Exercise description: Print a faithful copy of the data below, word for word, with the pictures left out.

Given information:
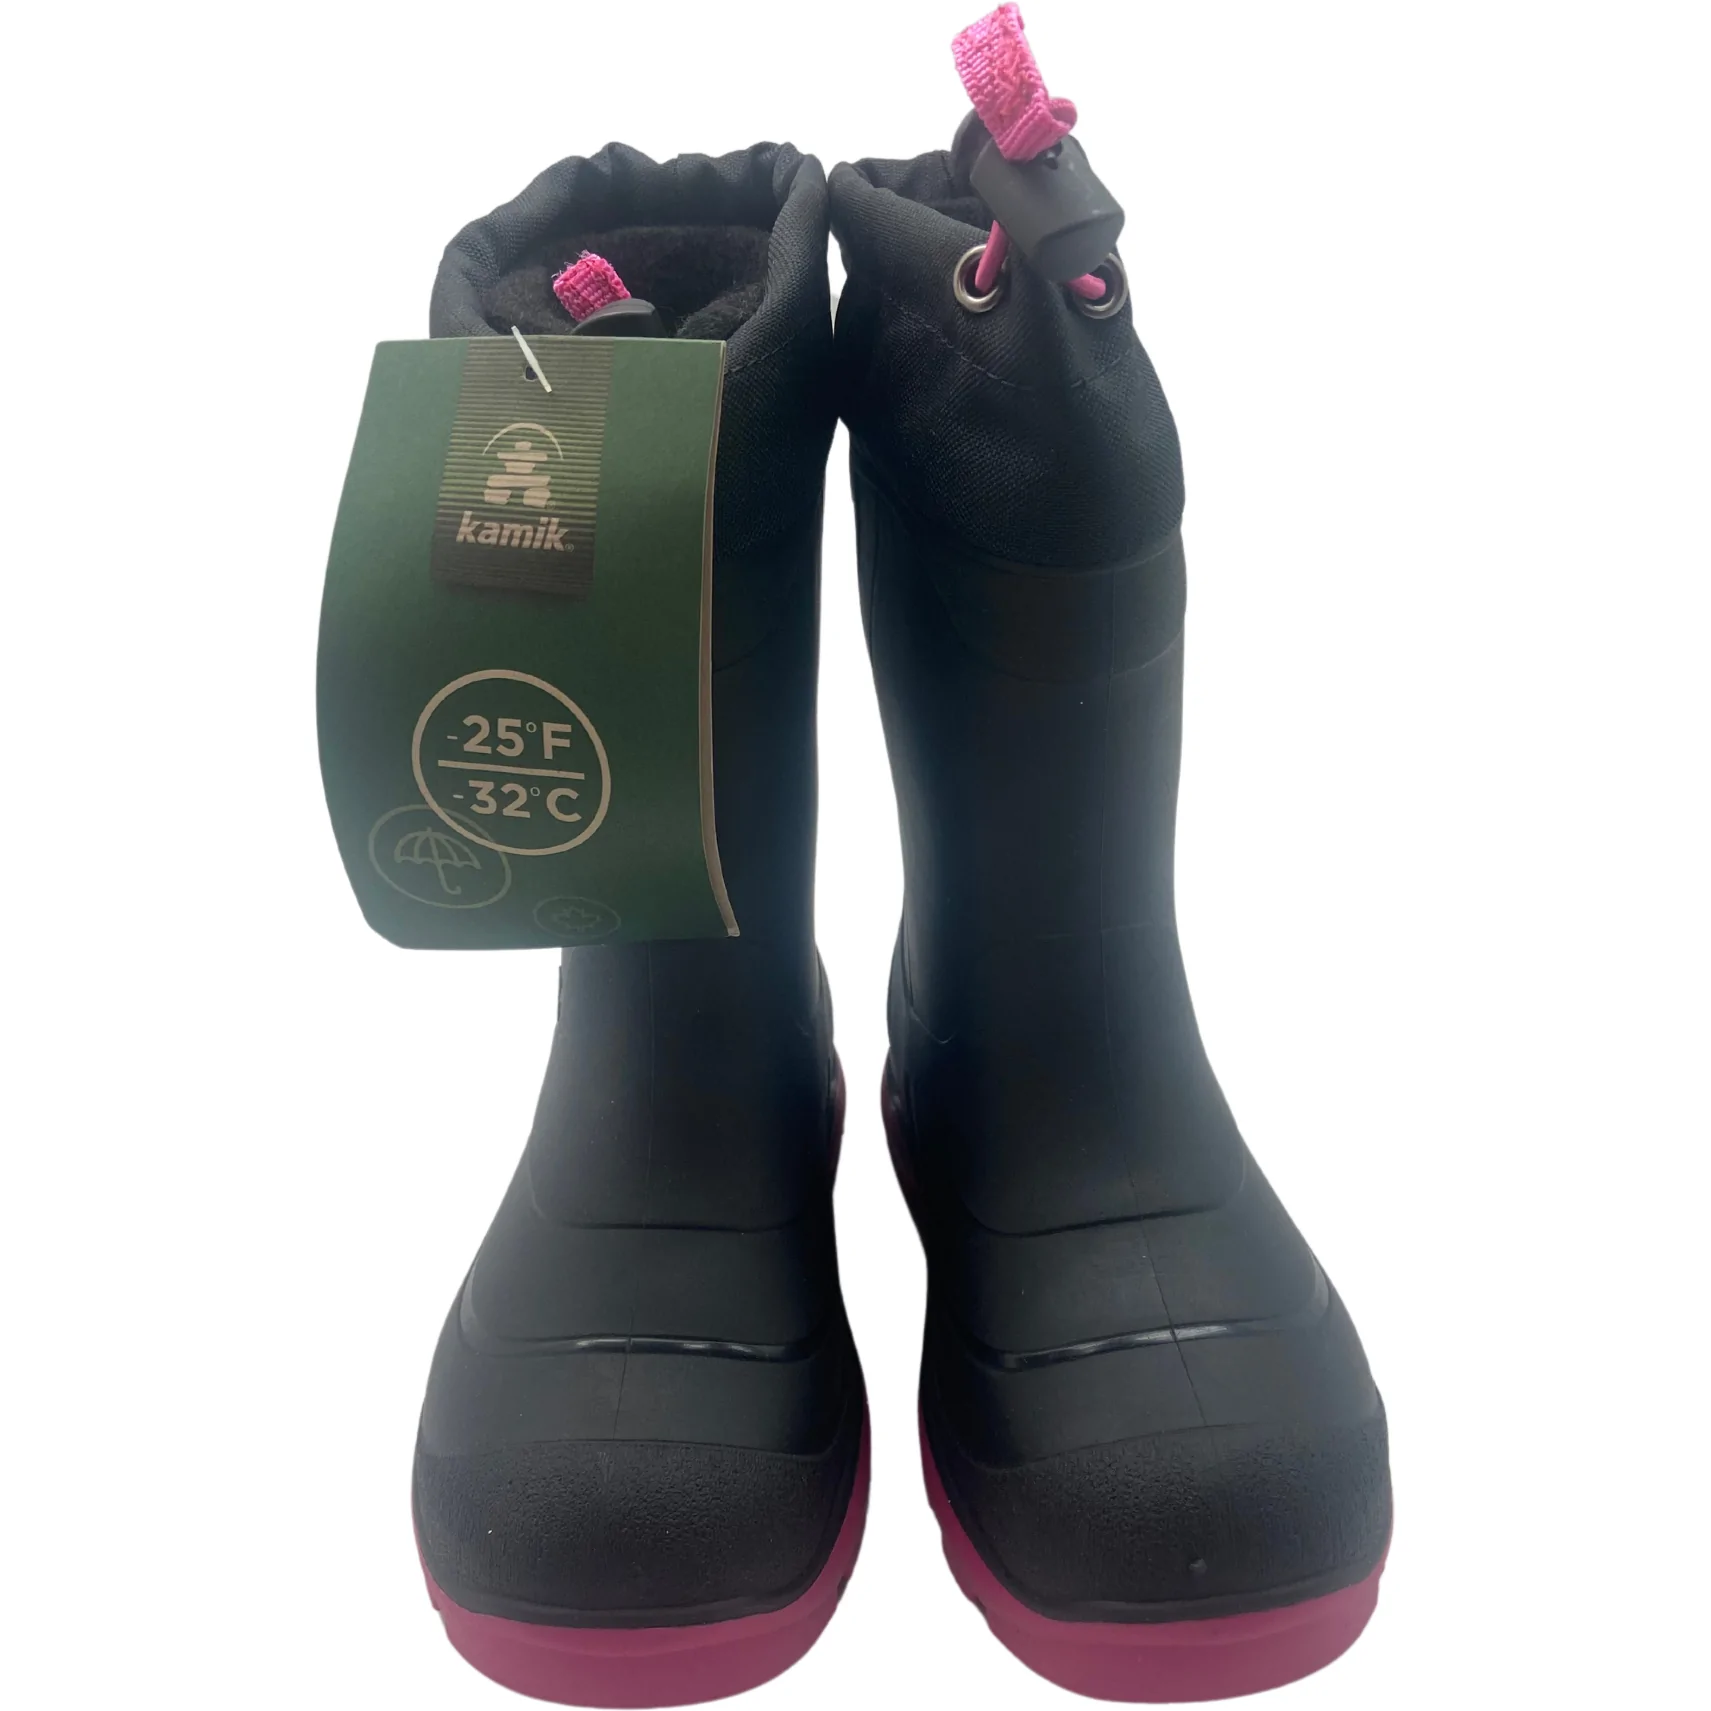 Kamik: Girl's Boots / Snow Boots / Snowbuster1 / Black / Pink / Size 9
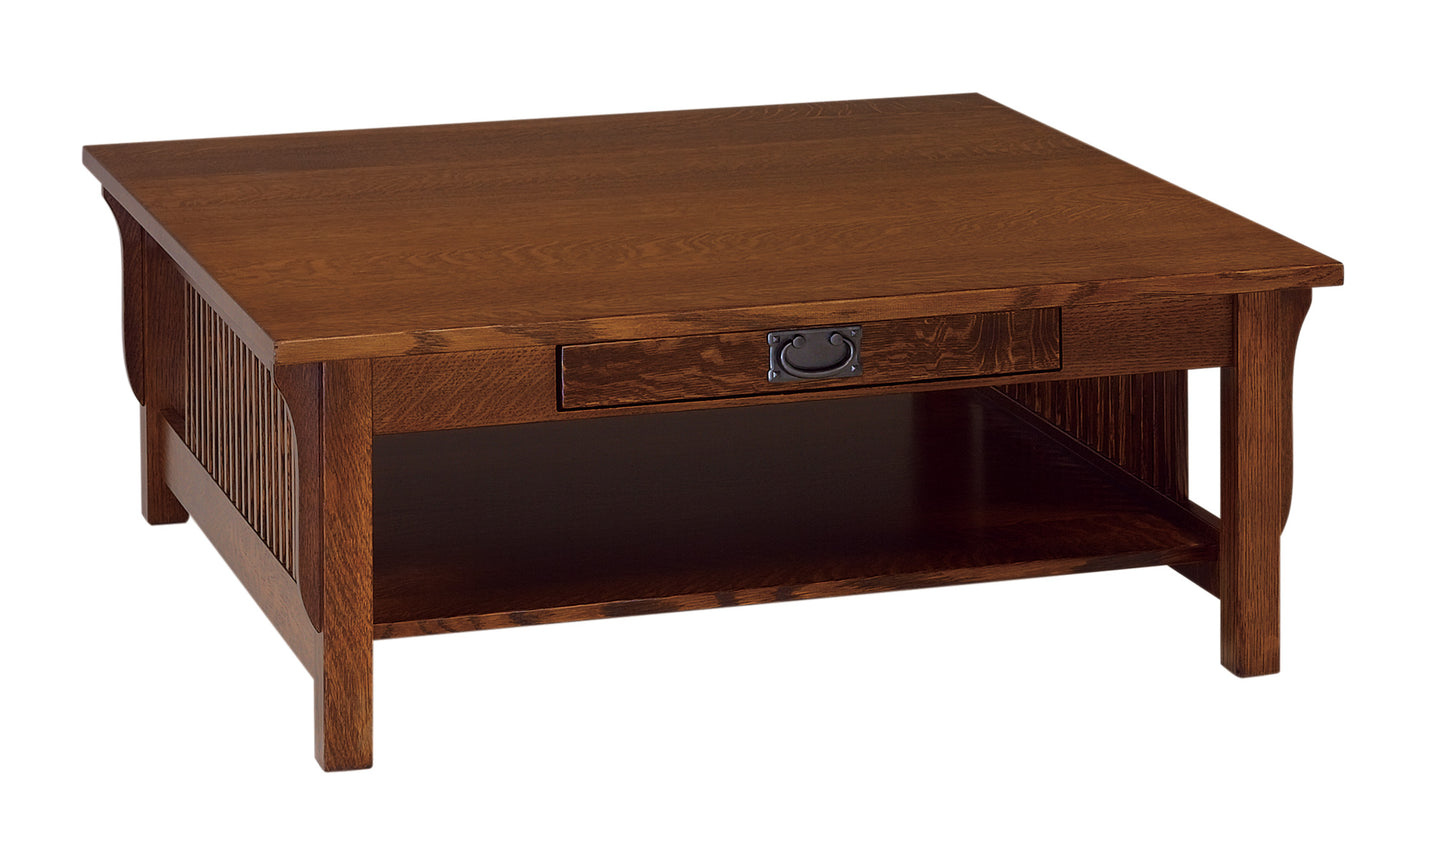 Landmark Mission Square Coffee Table with Drawer
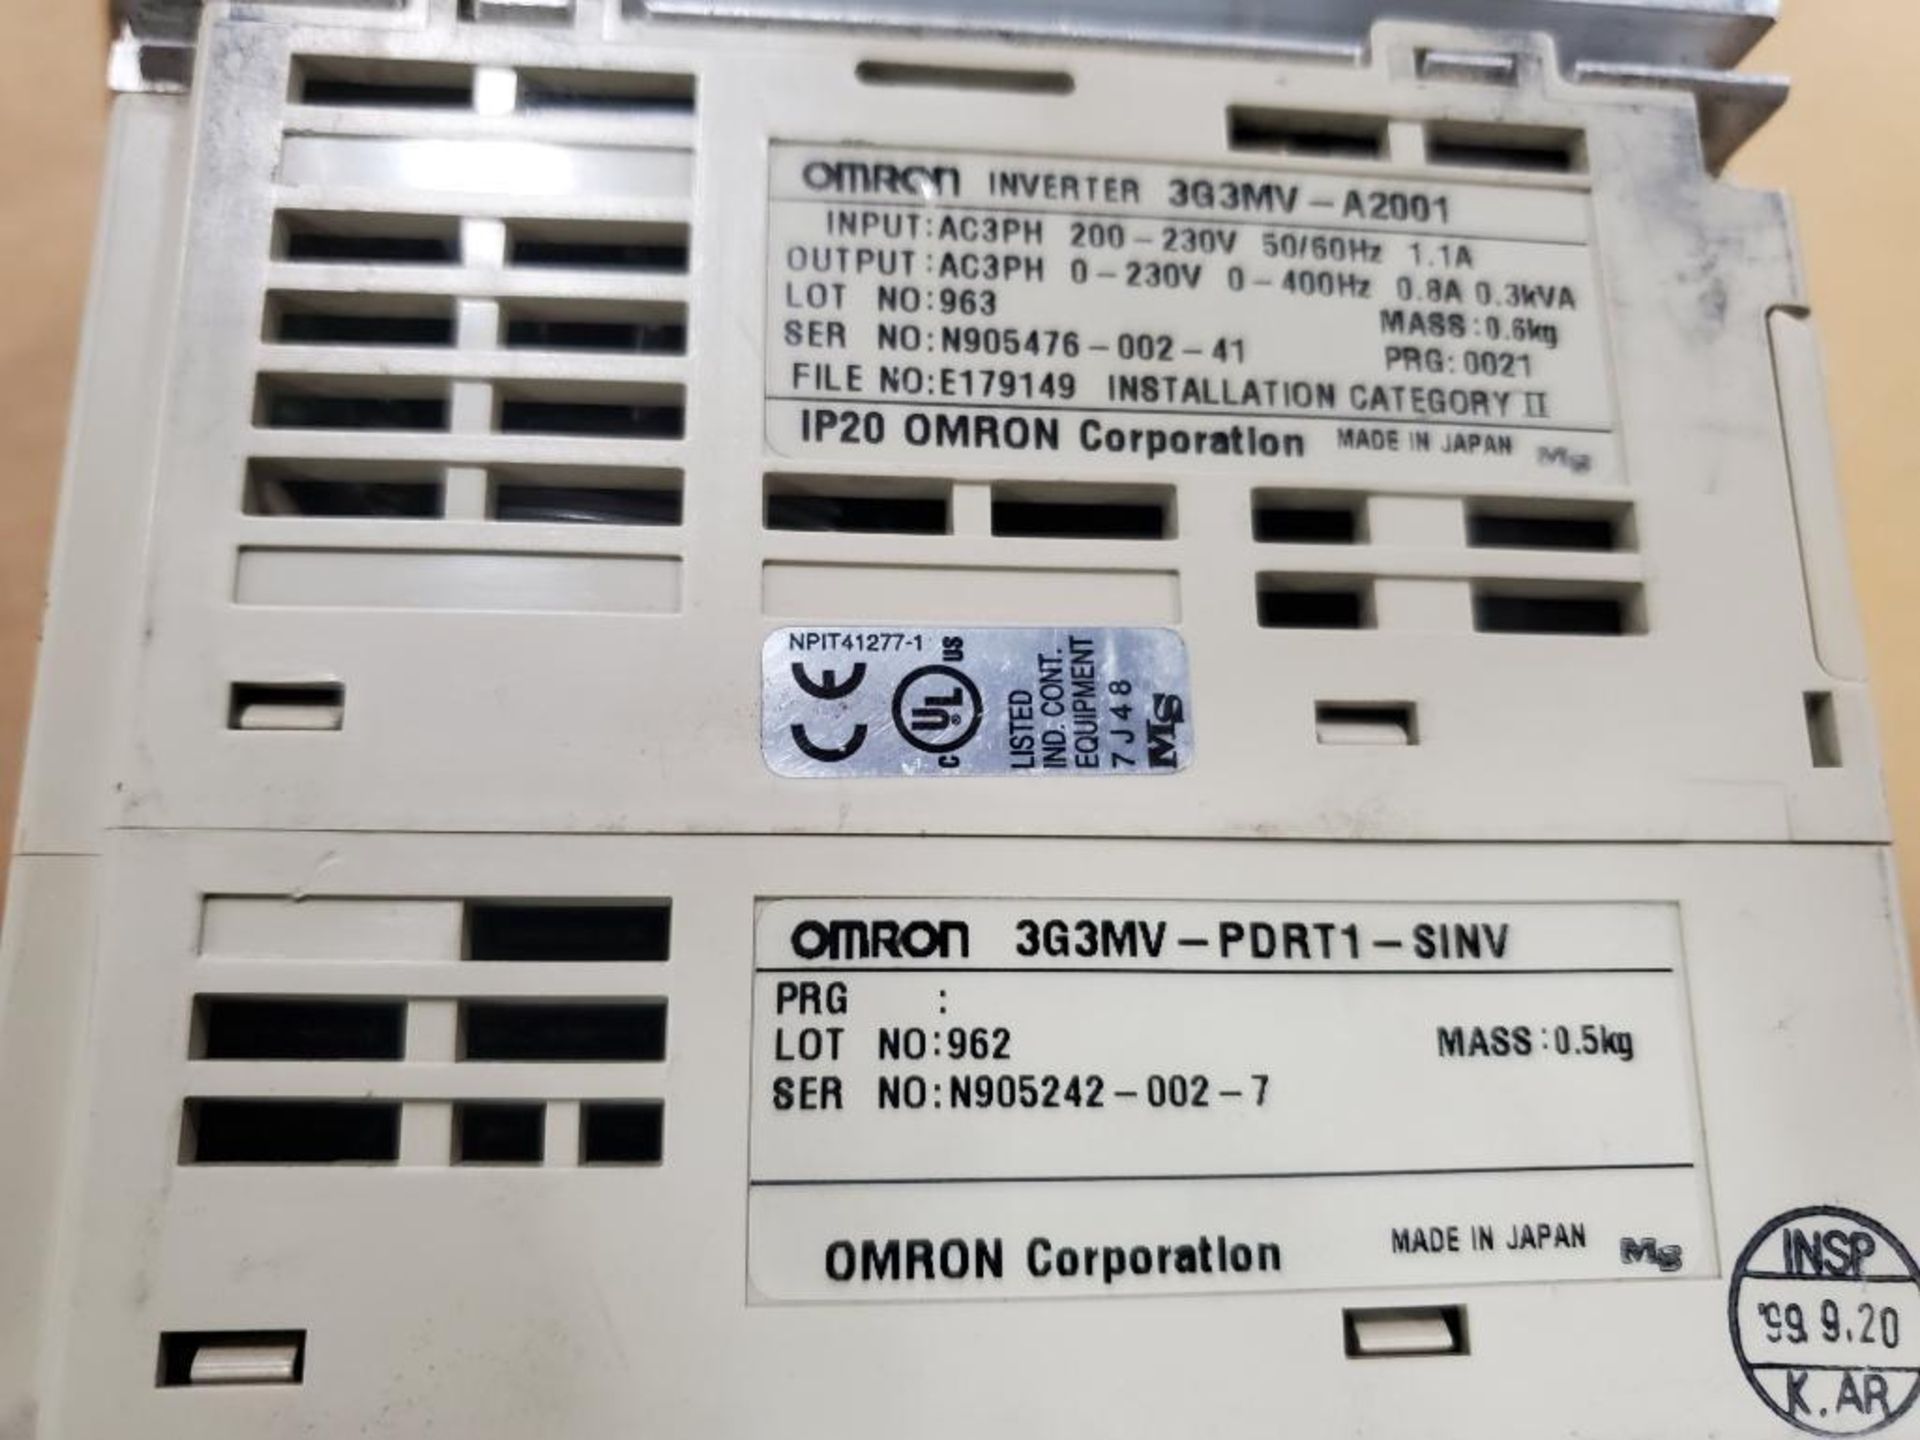 Qty 2 - Assorted Omron SYSDRIVE 3G3MV inverter drive. - Image 4 of 6

Solution:
 Kamik: Girl's Boots / Snow Boots / Snowbuster1 / Black / Pink / Size 9
 Landmark Mission Square Coffee Table with Drawer
 Qty 2 - Assorted Omron SYSDRIVE 3G3MV inverter drive. - Image 4 of 6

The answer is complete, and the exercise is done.